Should Determination of Treatment of a Mentally Ill Person Be a Matter of Medical or Legal Judgement ?
In In re Gail F., 365 Ill. App. 3d 439, 446, 849 N.E.2d 448, 302 Ill. Dec. 656 (2006) the State petitioned for the administration of 12 medications.
The treating psychiatrist offered testimony regarding only 10 of those medications.
The court, however, authorized the administration of all 12 medications.
On appeal, both parties agreed that this was error.
The State, however, argued that the lack of evidence affected only the approval of the 2 medications and that the order could be modified to authorize the 10 medications that were supported by testimony.
The Court rejected that argument.
The lack of evidence on all petitioned-for medications was fatal to the entire petition. See Gail F., 365 Ill. App. 3d at 447.
The Court reasoned that a modification of the treatment plan embodied in the petition must be a matter of medical judgment, not legal:
"'As this court has recognized, the diagnosis and treatment of mental health disorders is a "'highly specialized area of medicine which is better left to the experts.'"

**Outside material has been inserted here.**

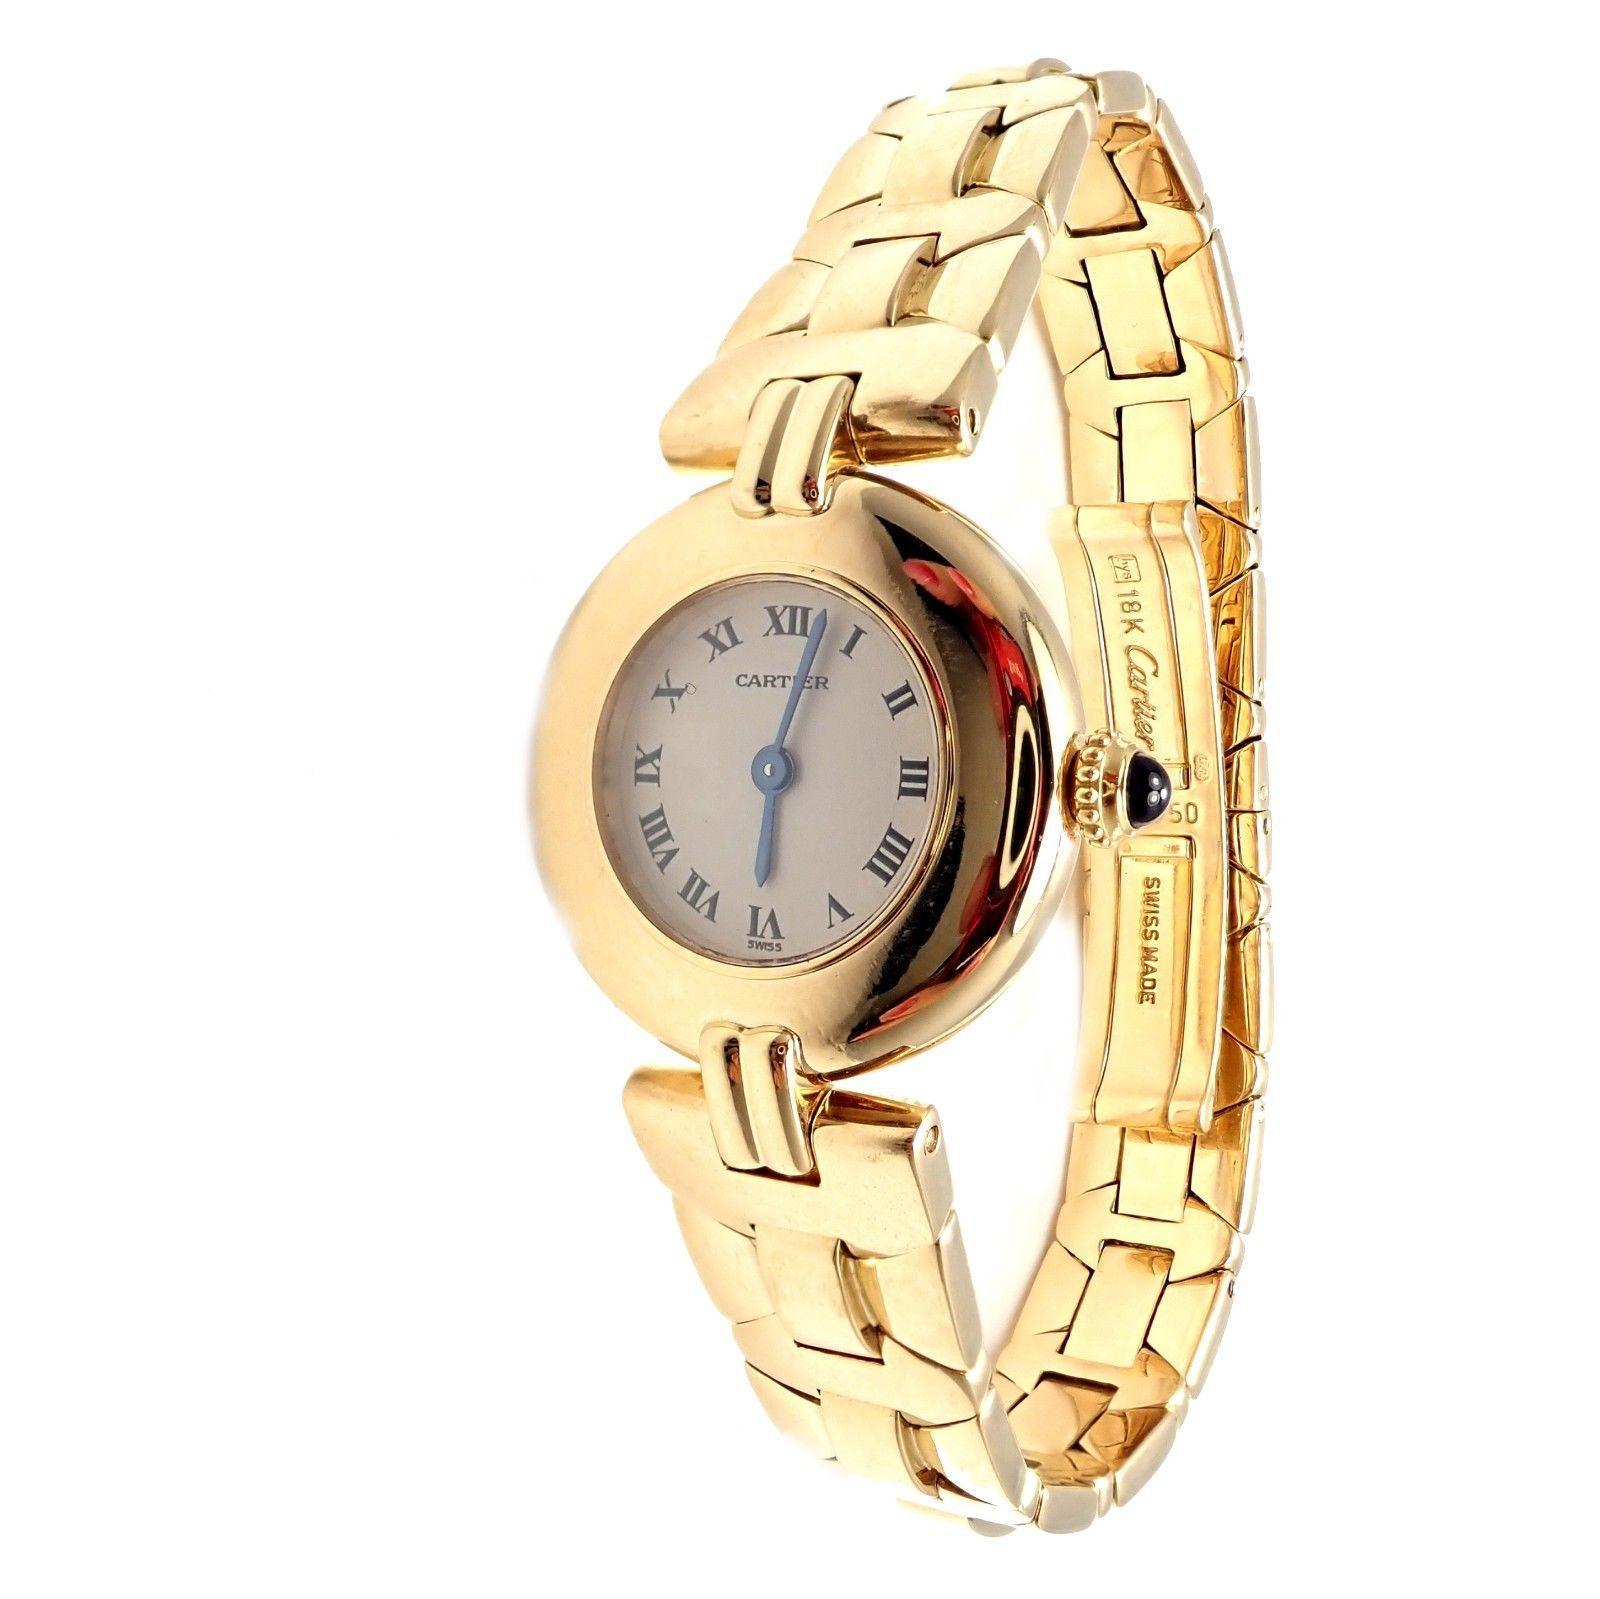 Cartier Paris Rivoli Ladies Quartz Yellow Gold Watch
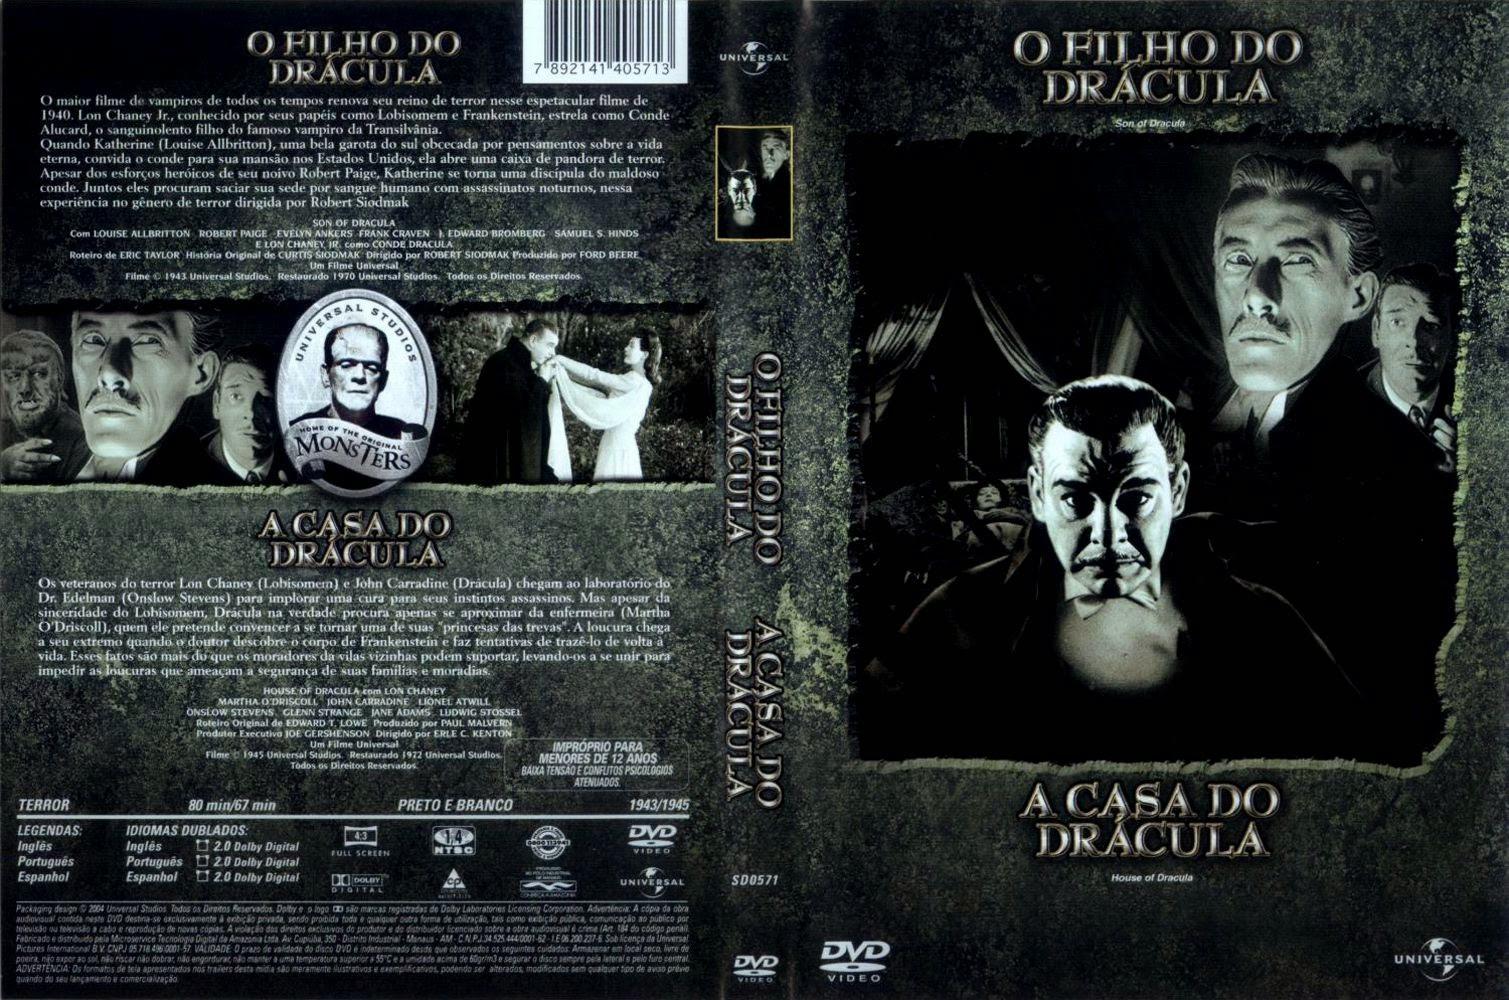 Capa DVD O Filho Do Drácula / A Casa Do Drácula

Indeed, section 2-107.1 vests the physician authorized to administer the involuntary treatment "complete discretion" not to administer the treatment.
It is thus not for the trial court or the jury to "develop a course of treatment and then dictate that course to the treating physician. That would constitute role reversal."
In the words of amici curiae, allowing the layperson jury to determine which of the various medications should be involuntarily administered "dangerously approaches the practice of medicine."' Gail F., 365 Ill. App. 3d at 447, quoting In re Mary Ann P., 202 Ill. 2d 393, 406, 781 N.E.2d 237, 269 Ill. Dec. 440 (2002).